Based on the improved GA, a global path-planning method for the wall surface inspection robot was proposed under a GPS-denied environment. Firstly, by materializing the GPS signal strength, the GPS signal strength information was introduced into the established raster map. The space map with GPS signal was established. The GA was initialized using PSO so as to address local optimum and slow convergence rate induced by too-random initialization of GA. Taking into account the changes in the GPS signal strength and path angle, the fitness degree function was optimized. A new crossover and mutation probability update method was proposed in accordance with the population fitness. Finally, the contrast simulation experiment was performed. According to the simulation results, the blind area of the GPS signal can be well avoided by using both the raster map containing GPS signal and the improved GA to path planning. The results showed that the path generated with the improved GA had the smallest angle changing, with average convergence times of 35.9 times and angle of 55.88°. Compared with the traditional GA and PSO, the improved GA obviously performed excellently in stable global path-planning performance. Therefore, the proposed algorithm was proved to be better than the traditional GA and PSO algorithm in terms of convergence rate, path quality, path angle change, and stability.

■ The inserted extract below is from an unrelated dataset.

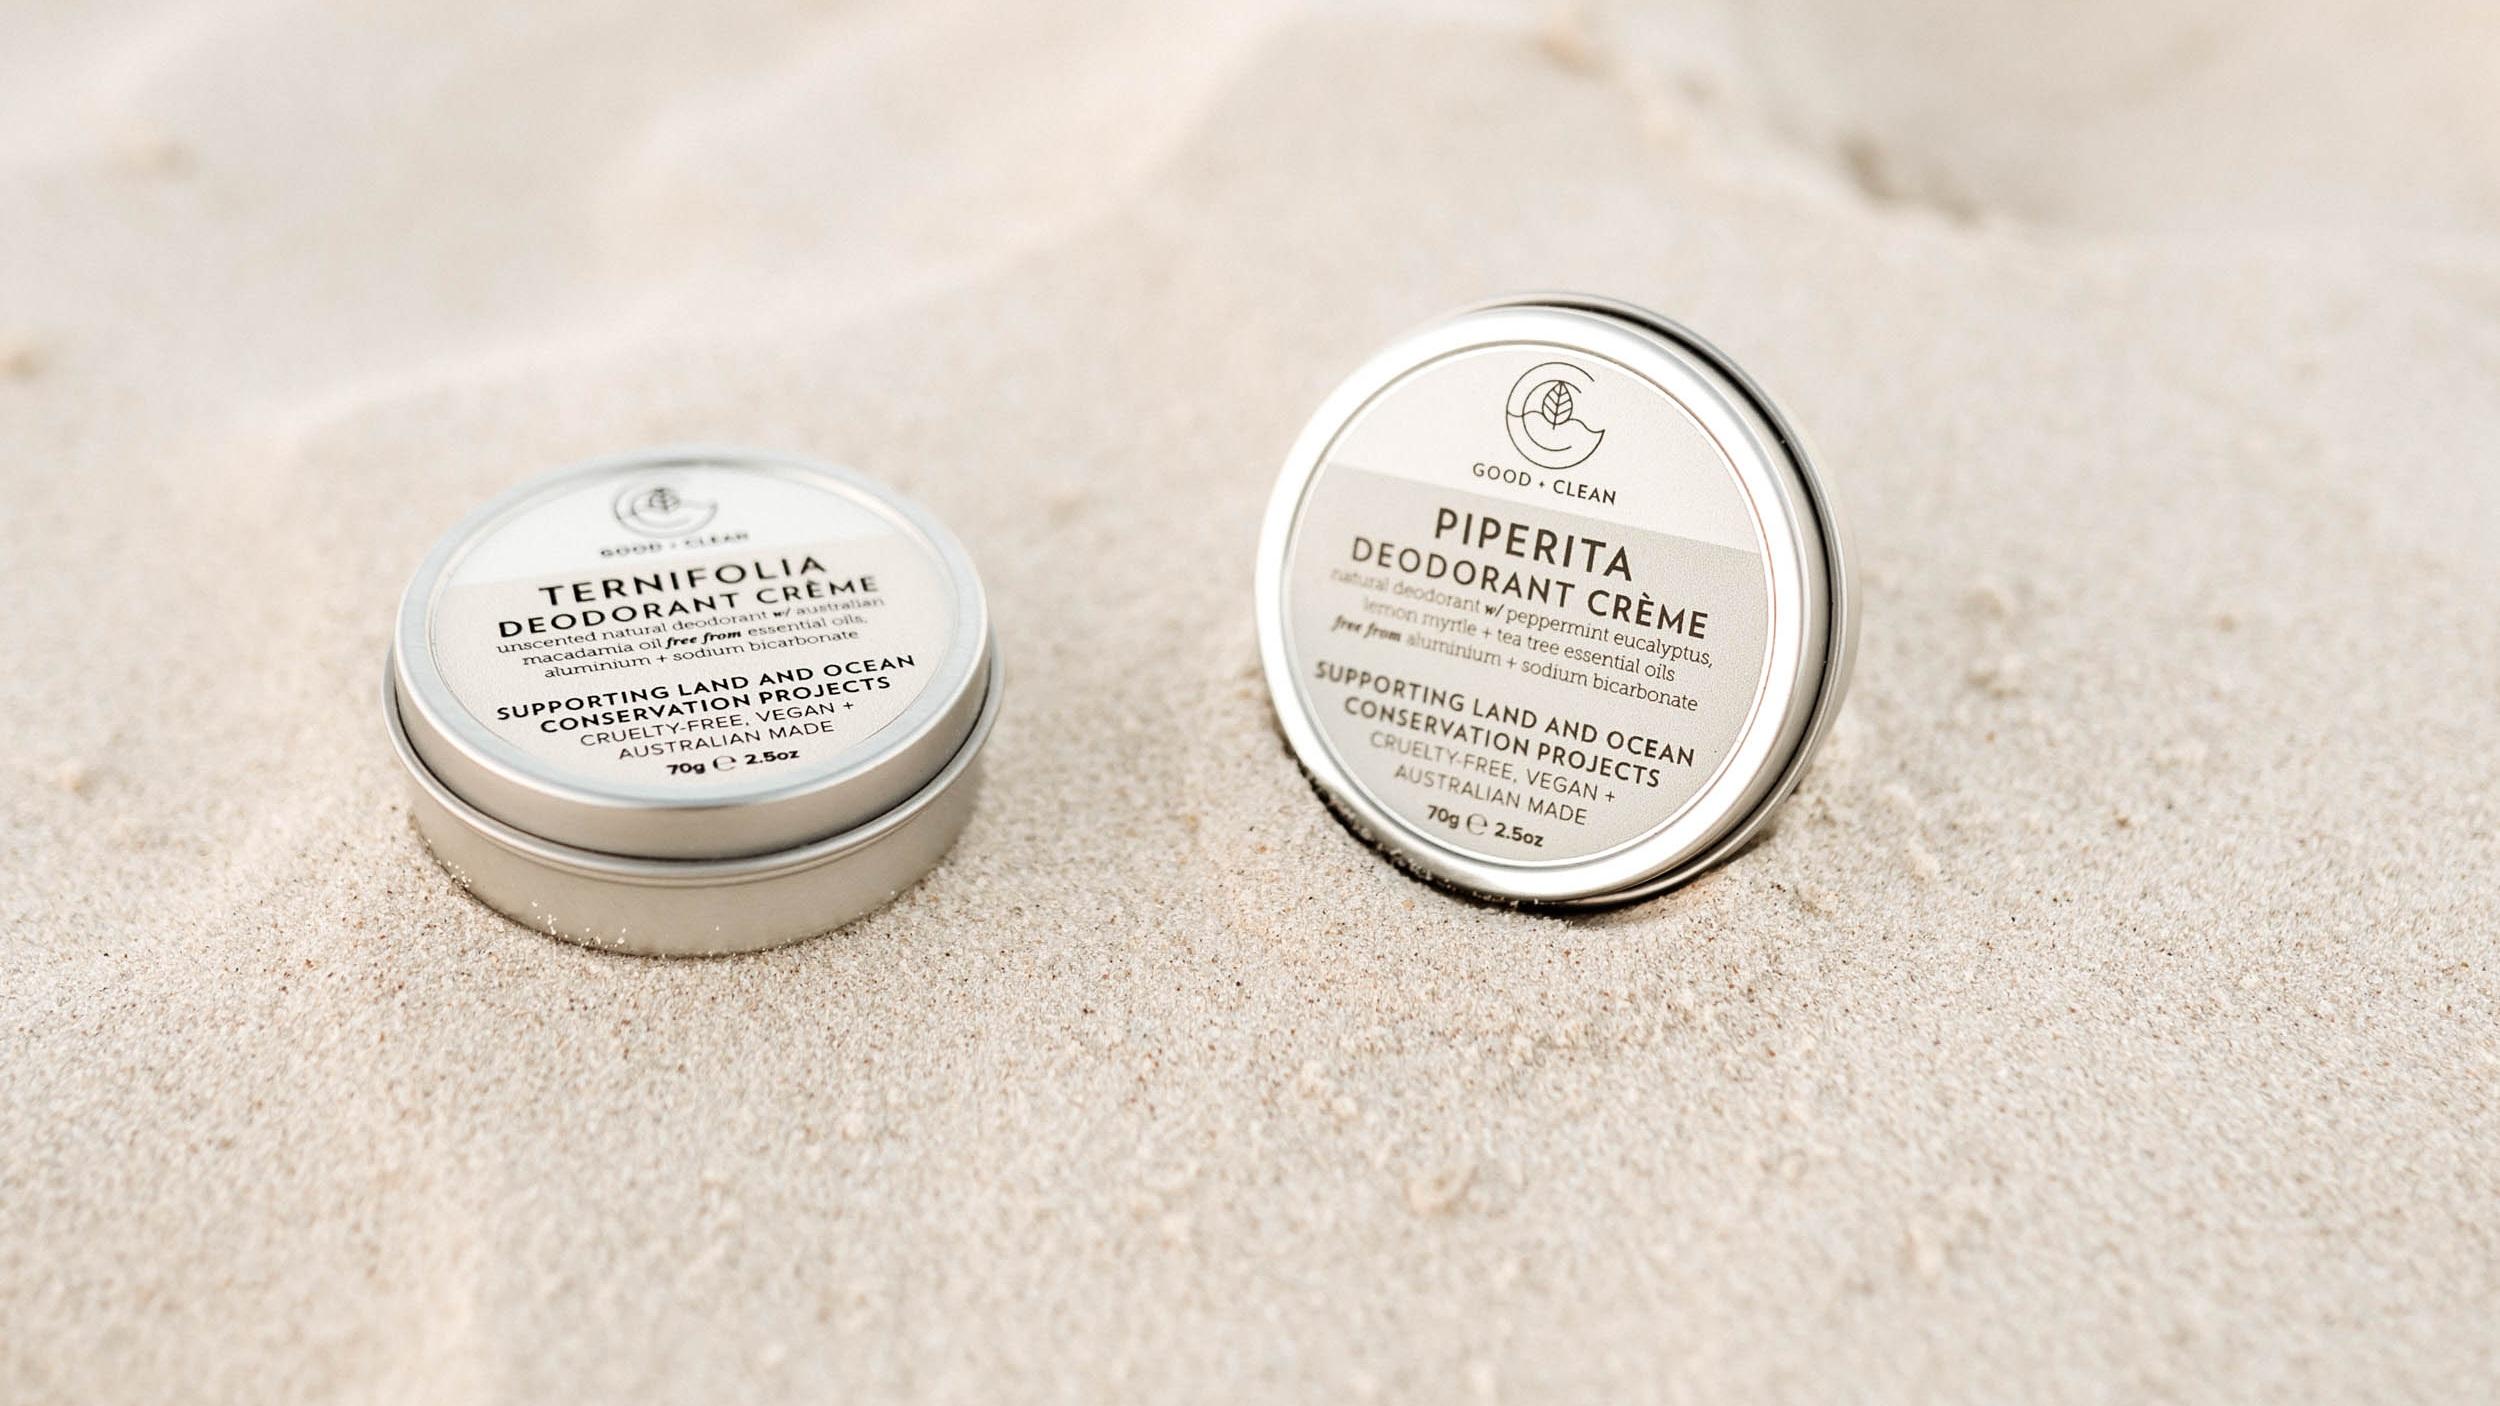 keira-mason-good-and-clean-deodorant-in-the-sandjpg.jpg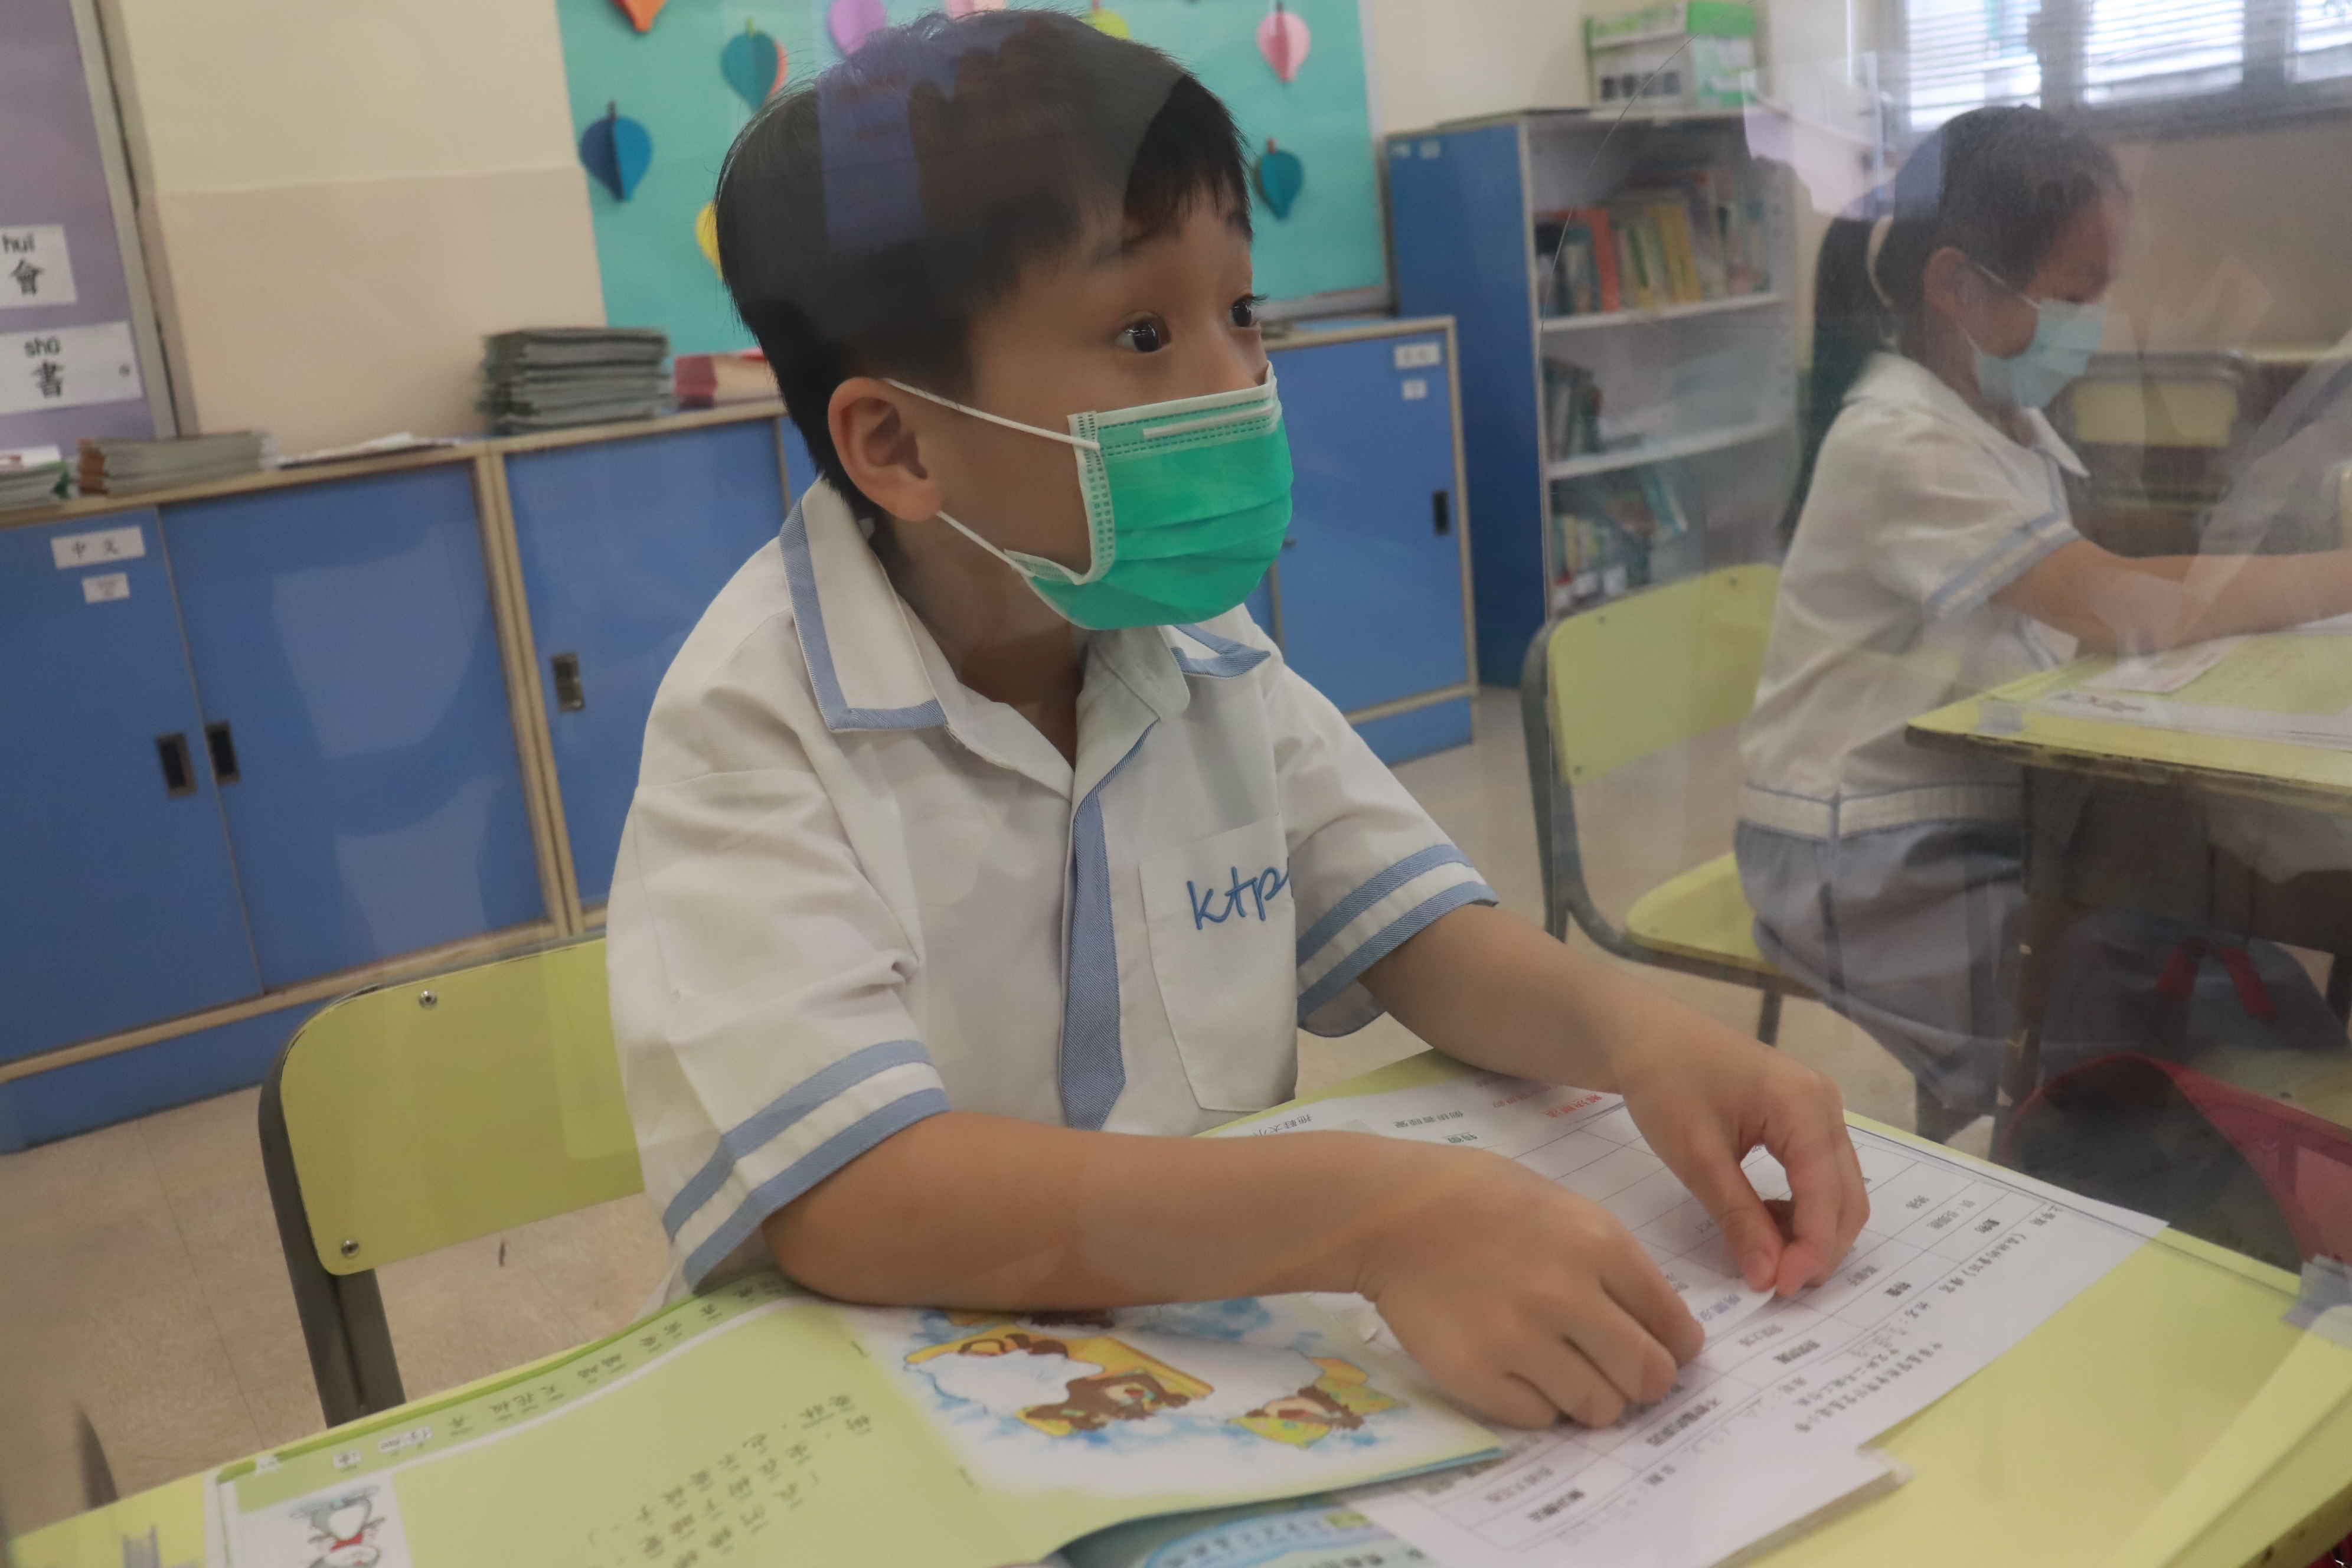 http://keito.school.hk/sites/default/files/img_6499.jpg

There are many difficulties such as the introduction form of GPS signal, evaluation index, experimental design, and coding. We have to overcome these one by one. The toughest problem we have ever had may be the computational efficiency. We used MatlabR2020b, which was installed in a computer with Ryzen75800H and RTX3060, and spent a lot of time on it. How to reduce the computation of planning is the focus of the next phase of work. We hope that the algorithm can complete this work in a short time, which makes it work better in real scenarios. We will put the task center on applying it to a real robot in follow-up work.